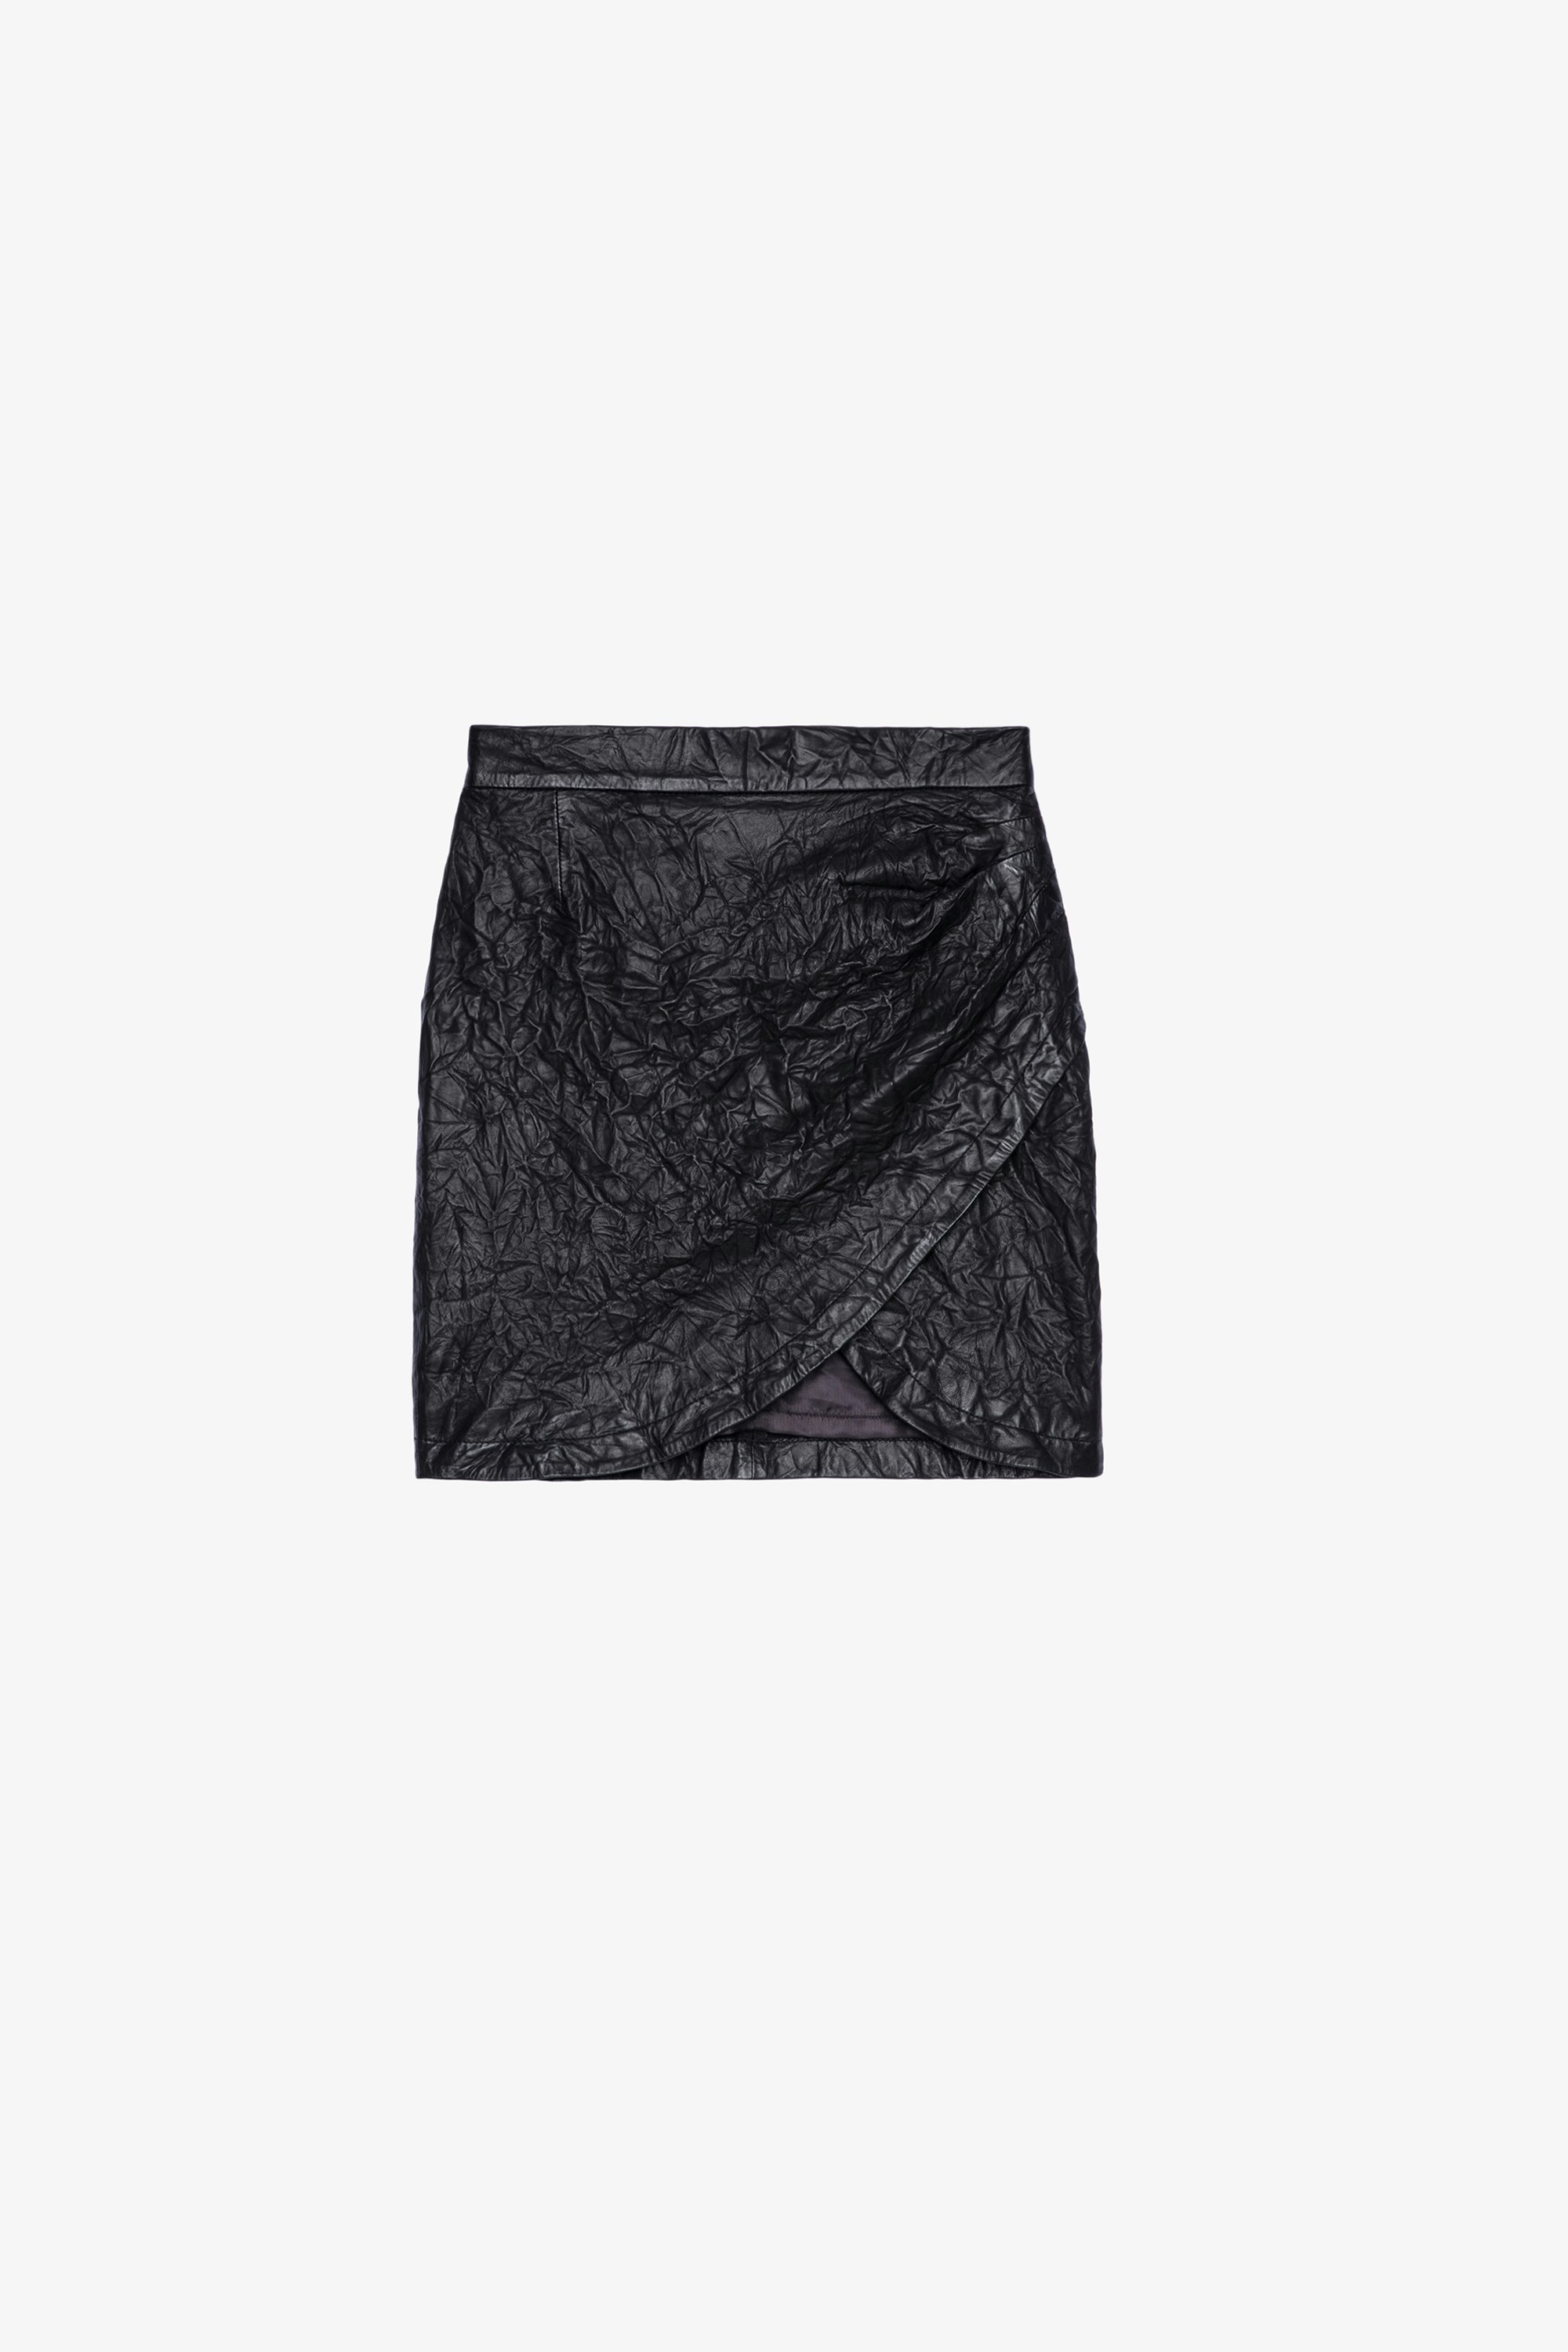 Julipe Crinkled Leather Skirt - Women's short black crinkled leather skirt with wallet effect.
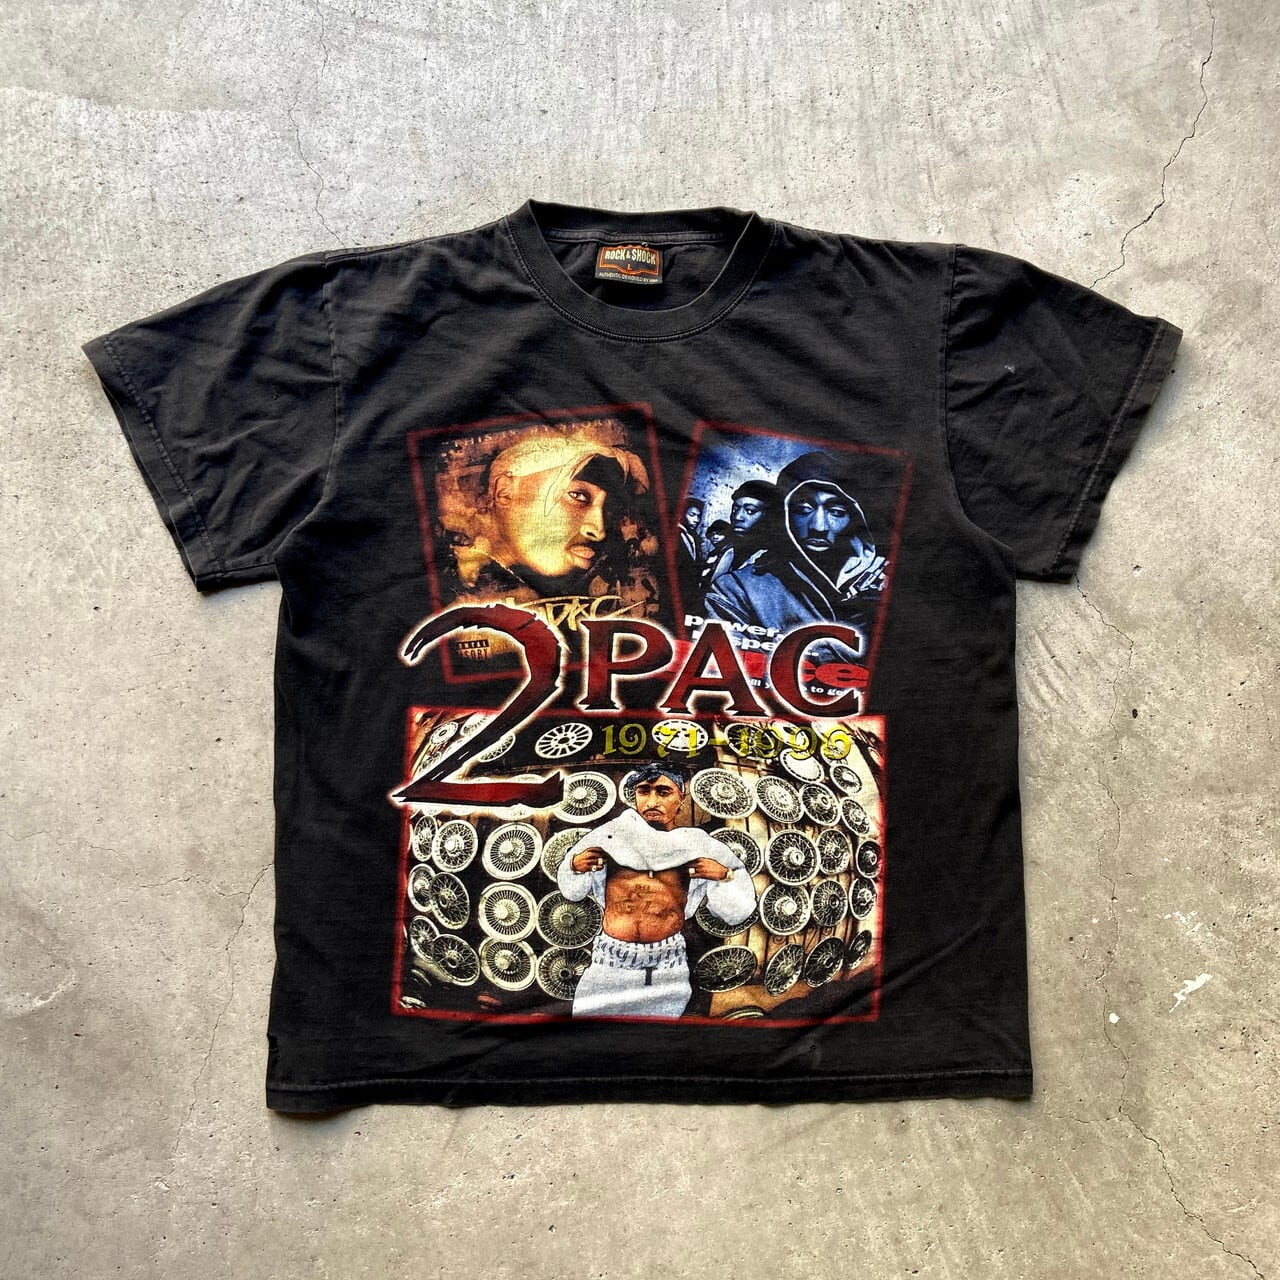 755センチ身幅VINTAGE ヴィンテージ 90s The Planet Inc 2pac Tupac ザ プラネットインク ツーパック 半袖Tシャツ ラップT ブラック
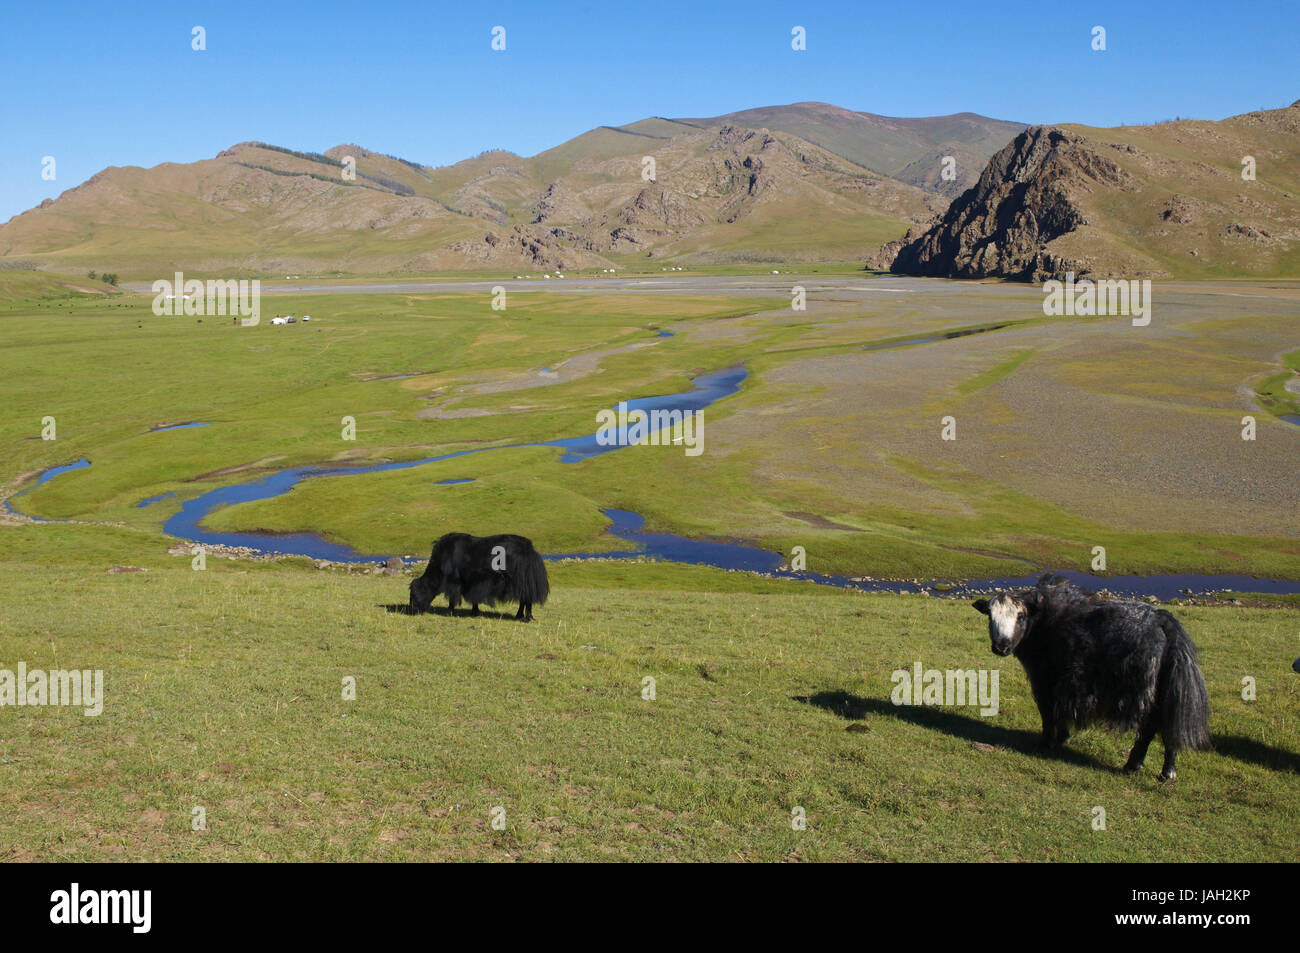 La Mongolie, l'Asie centrale,province historique Övörkhangaï,vallée de l'Orkhon,UNESCO World Heritage,steppe mongole,yak, Banque D'Images
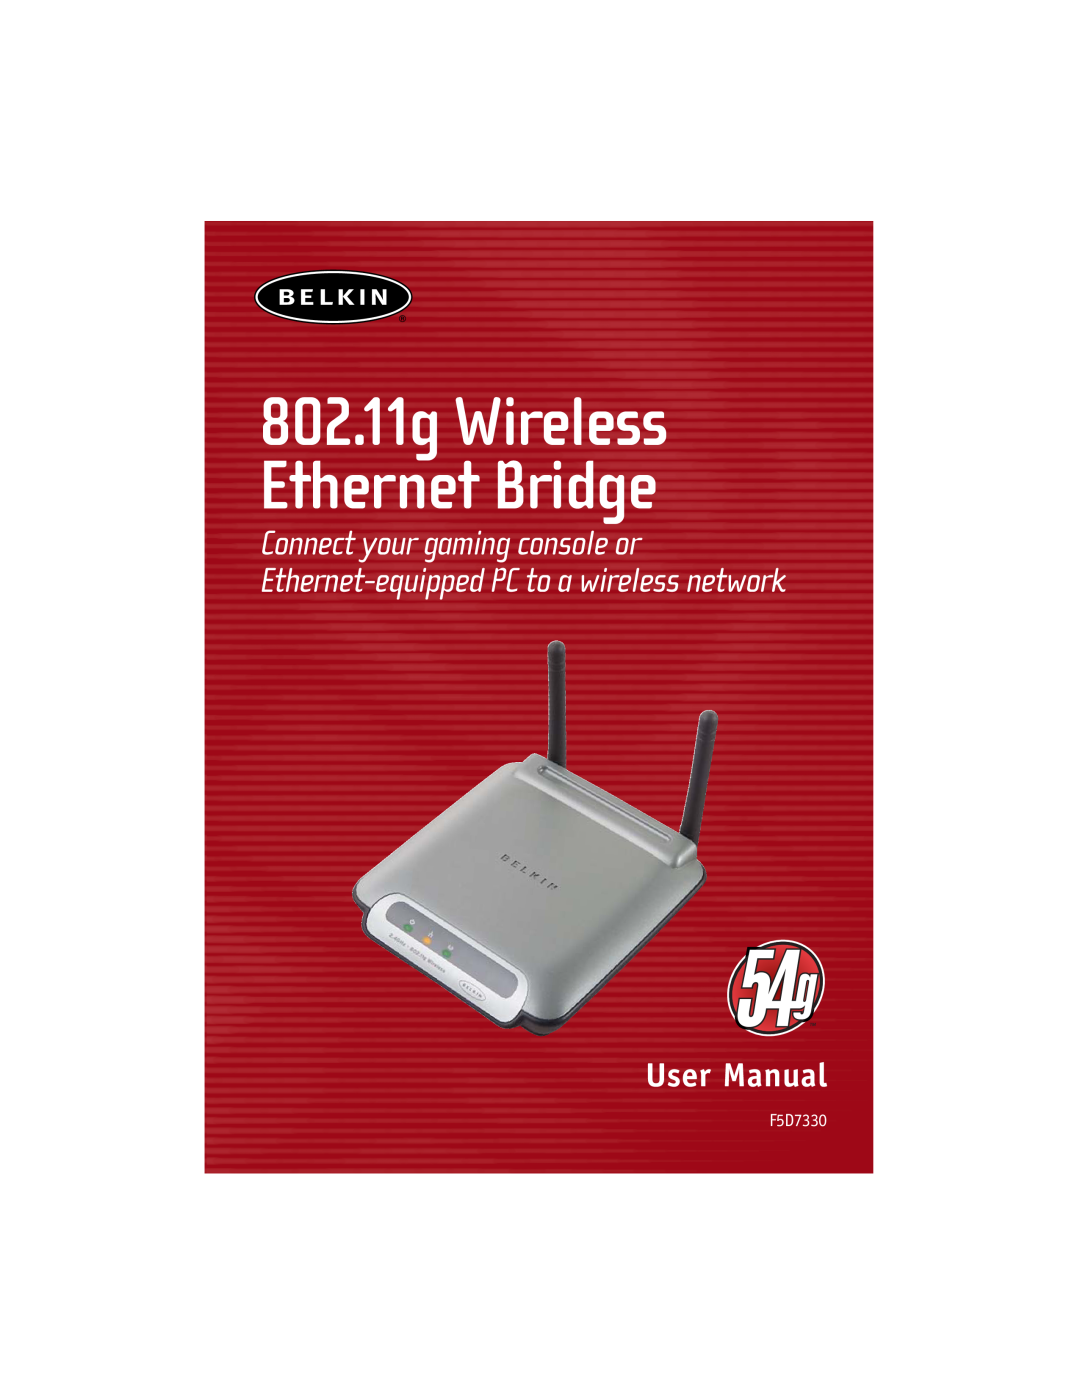 Belkin manual 802.11g Wireless Ethernet Bridge, User Manual, F5D7330

========================================================================

• Try it: Transcribe only the lines between the line containing "755センチ身幅VINTAGE ヴィンテージ 90s" and the final line of the listing, inclusive, exactly as they appear; no pictures are to be included.

• Exercise answer:
 755センチ身幅VINTAGE ヴィンテージ 90s The Planet Inc 2pac Tupac ザ プラネットインク ツーパック 半袖Tシャツ ラップT ブラック
 La Mongolie, l'Asie centrale,province historique Övörkhangaï,vallée de l'Orkhon,UNESCO World Heritage,steppe mongole,yak, Banque D'Images
 Belkin manual 802.11g Wireless Ethernet Bridge, User Manual, F5D7330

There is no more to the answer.